Storing big data file for fast access?

I have a somewhat big .txt data file (~70 MB, ~1M lines, ~30 columns) that I plan to study during the next few months. Data are mostly floats, but also strings and integers. And I’ll probably work with more files like that in the future. That means I most likely have to read it in more than a couple of times.

What is the recommended way of handling repeated reading of big files this? I would guess it is reasonable to save it as something else than .txt, which would be easier for the computer to read. But I don’t know if the implementation of reading .csv files is fast enough or should it be more binary like.
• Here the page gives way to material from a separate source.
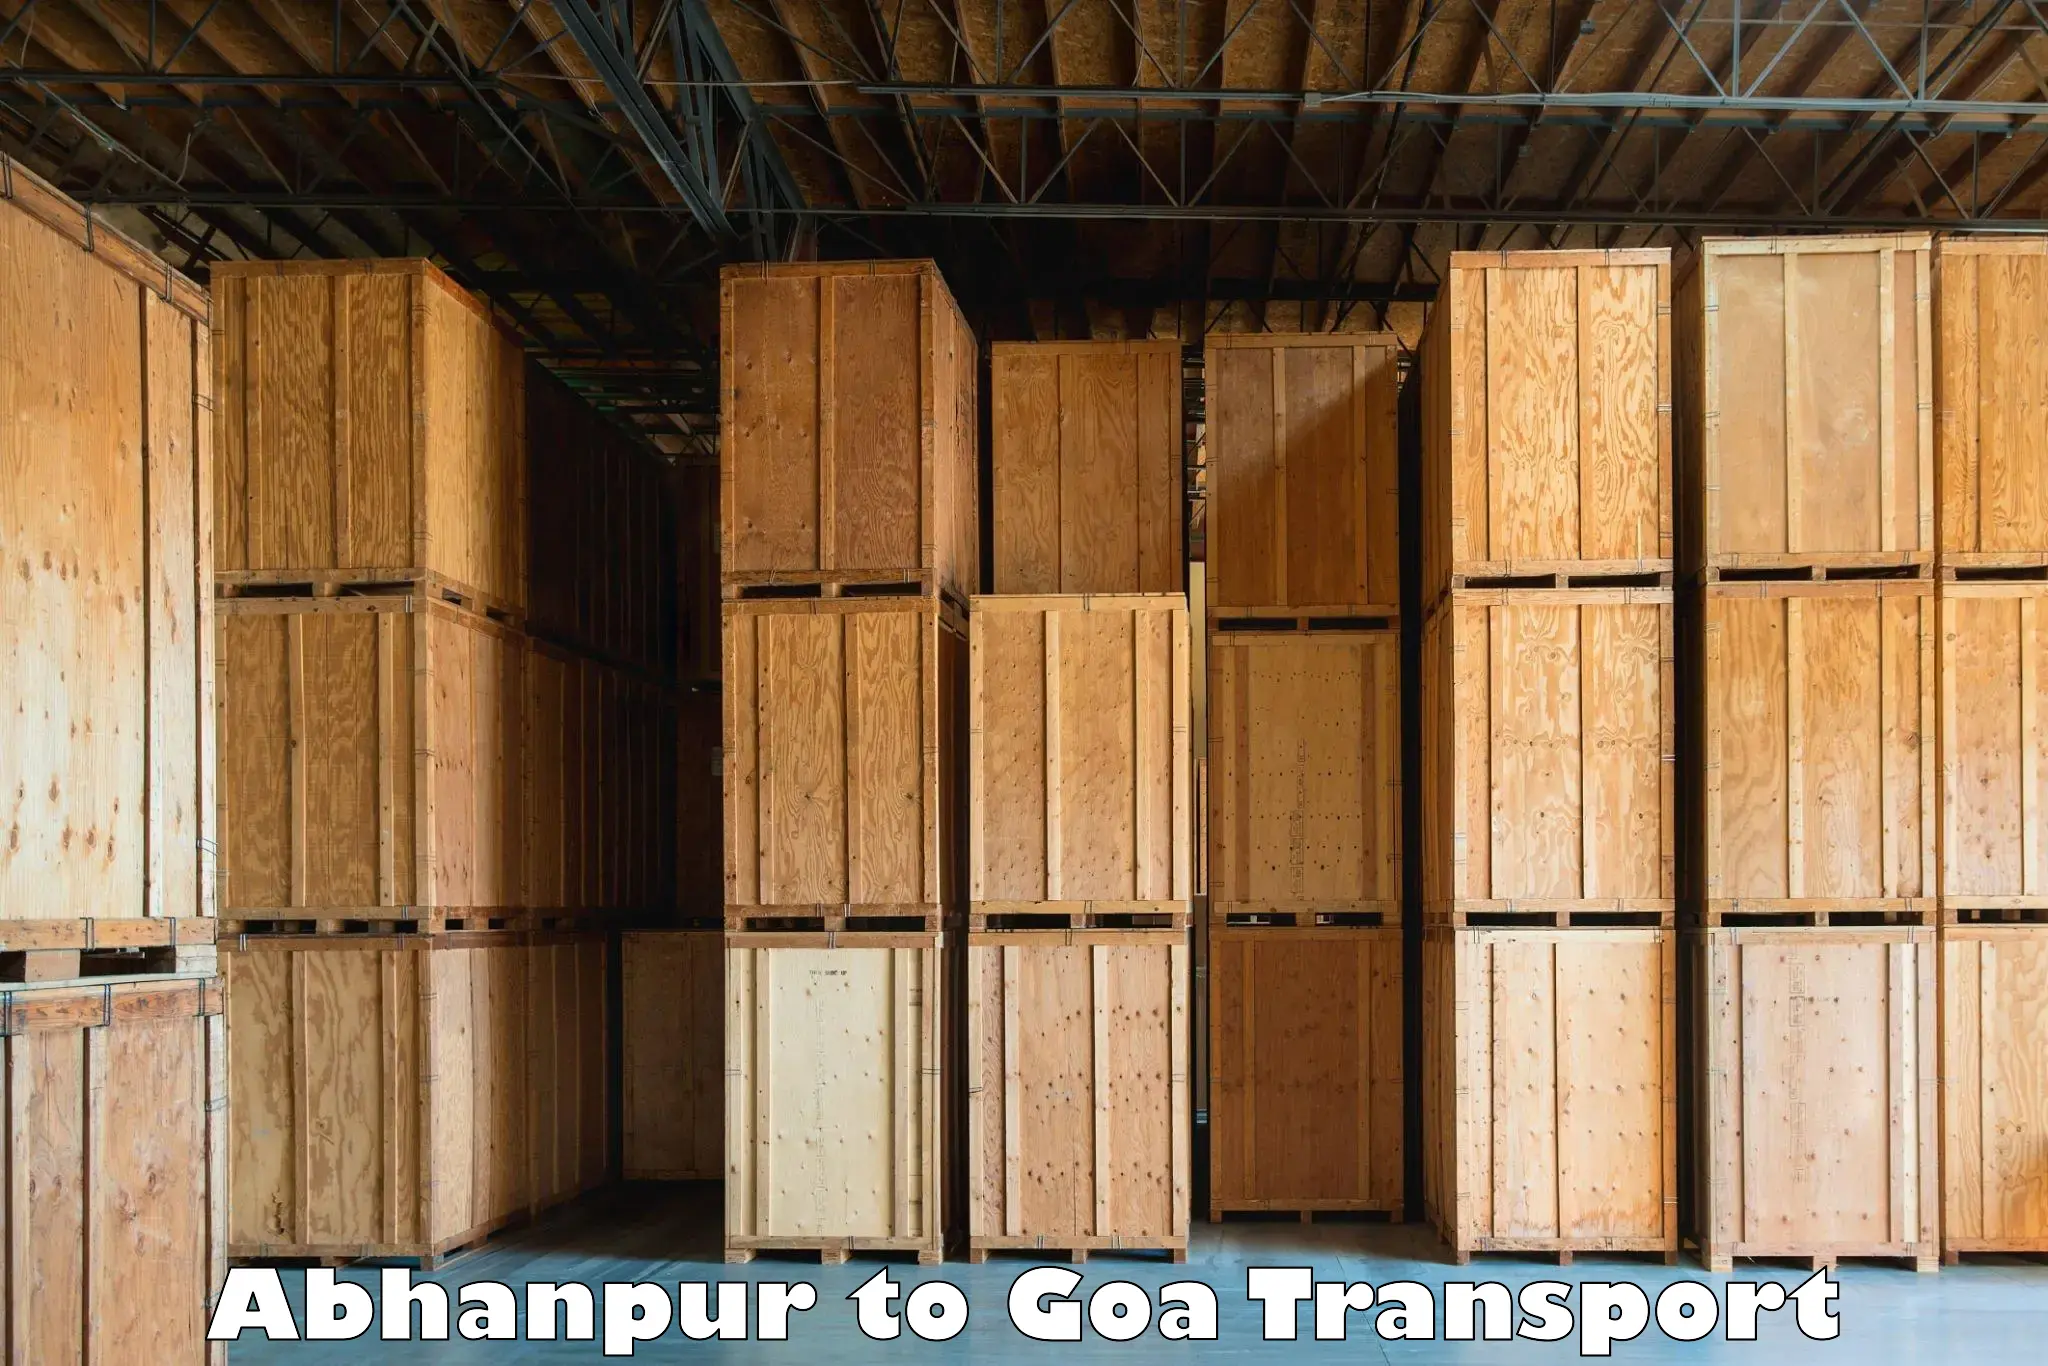 Cycle transportation service Abhanpur to Goa

I have very briefly looked at JuliaDB, HDF5, and FortranFiles. At the moment, JuliaDB seems the most approriate.

I am open to recommendations and tips. :slight_smile:

That’s not very big—it easily fits in memory. Are you launching Julia over and over? Why not just leave a Jupyter/IJulia notebook open for your analyses with the data loaded in memory all of the time? If you only relaunch it once every few days or every few weeks, the load time ceases to matter.

(You can use Revise.jl to re-load modules you are editing without restarting Julia.)

1 Like

I’m using Arrow.jl for larger files (20Gb) and it works very well. I especially like that there is compression built into the package. I compress with lz4 which is reasonably fast.

3 Likes

FWIW:

julia> using CSV

julia> df = DataFrame(rand(1_000_000, 30), :auto);

julia> CSV.write("out.csv", df);

julia> using BenchmarkTools

julia> @btime CSV.read("out.csv", DataFrame);
  1.824 s (930 allocations: 254.16 MiB)

The csv file created above is ~550MB large, so I would expect your file to be parsed more quickly. Also, this is just using one thread, so might benefit from starting Julia with more threads if available. I’d think your file should be parsed in less than a second using CSV.jl on any reasonably modern machine.

Also CSV.jl should handle txt files just fine (if they are formatted correctly), so no need to save as a csv separately.

That said, for really large files I second the Arrow recommendation.

6 Likes

Arrow format doesn’t do compression, right?

Relation to other projects

What is the difference between Apache Arrow and Apache Parquet?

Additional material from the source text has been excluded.